__Records provided__

== == ==

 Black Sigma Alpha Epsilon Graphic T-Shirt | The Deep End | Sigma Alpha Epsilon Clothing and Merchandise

== == ==

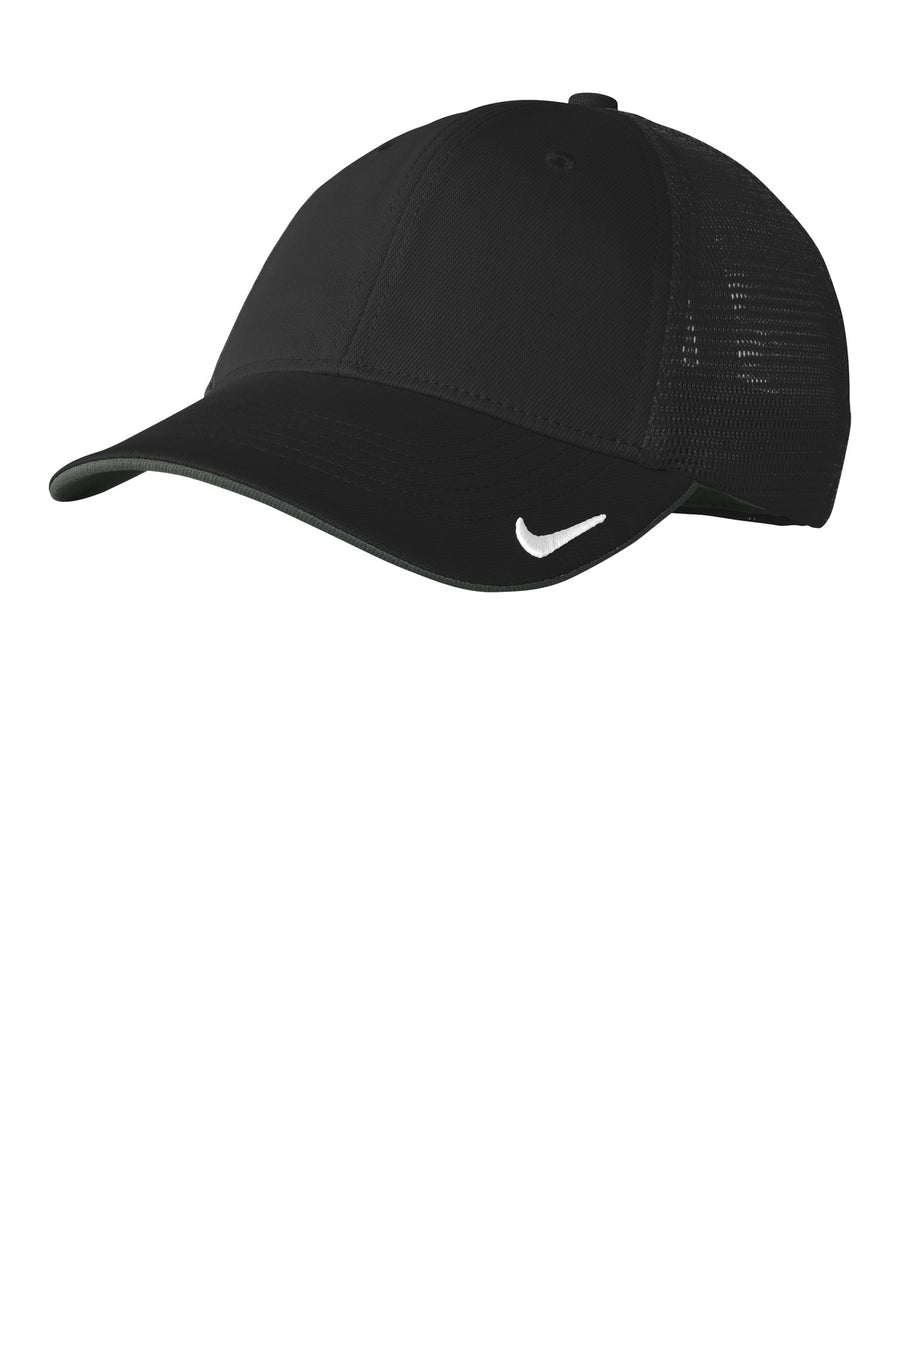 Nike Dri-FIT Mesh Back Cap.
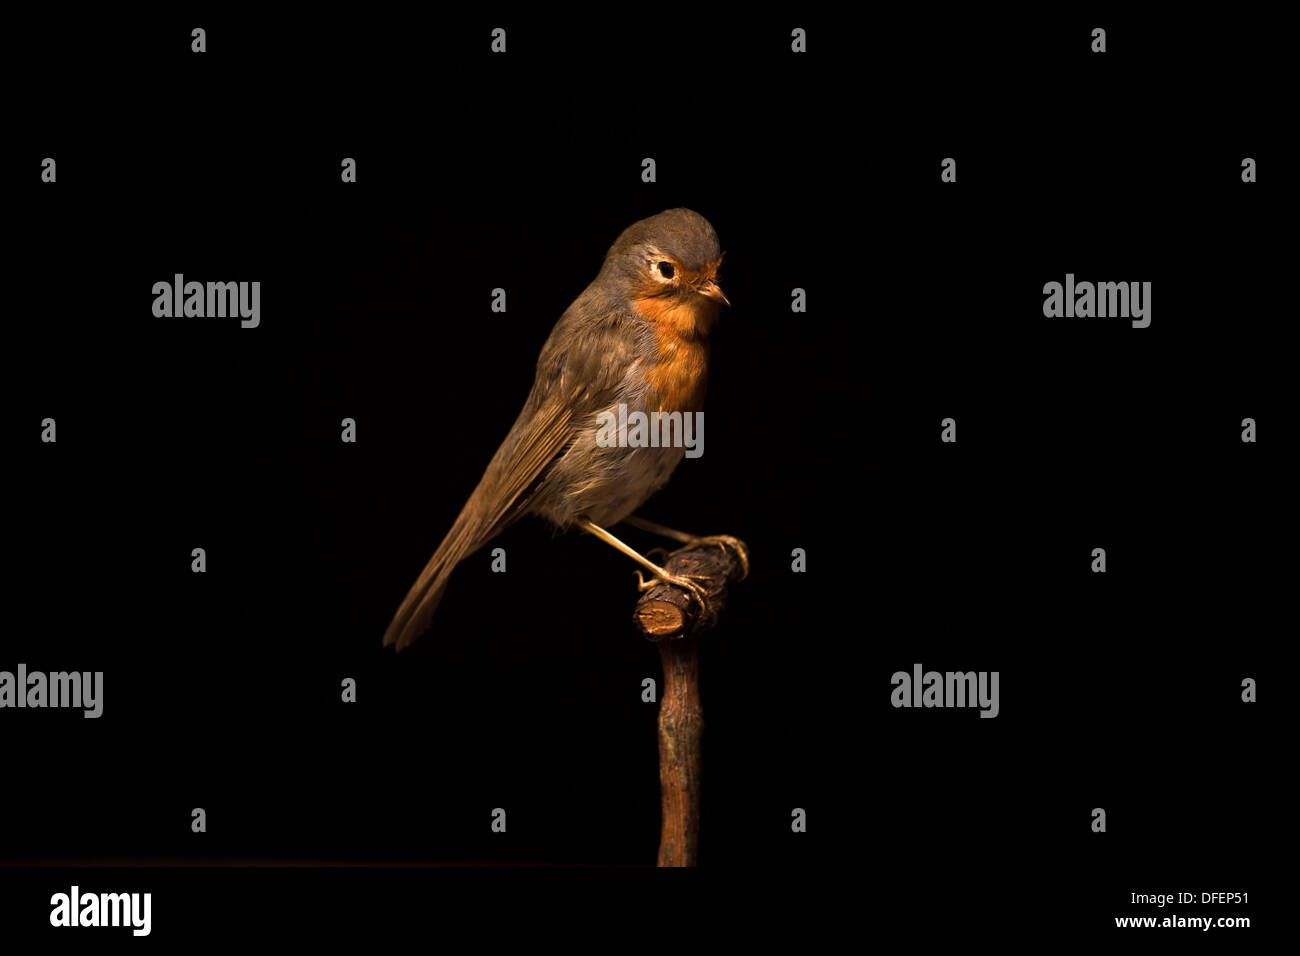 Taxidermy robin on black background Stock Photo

== == ==

__Problem to solve__
When copying from the data above, print only the lines from the line containing "Nike Dri-FIT Mesh Back Cap." to the line containing "Taxidermy robin on", exactly, and leave the pictures out.

__Answer section__
 Nike Dri-FIT Mesh Back Cap.
 Taxidermy robin on black background Stock Photo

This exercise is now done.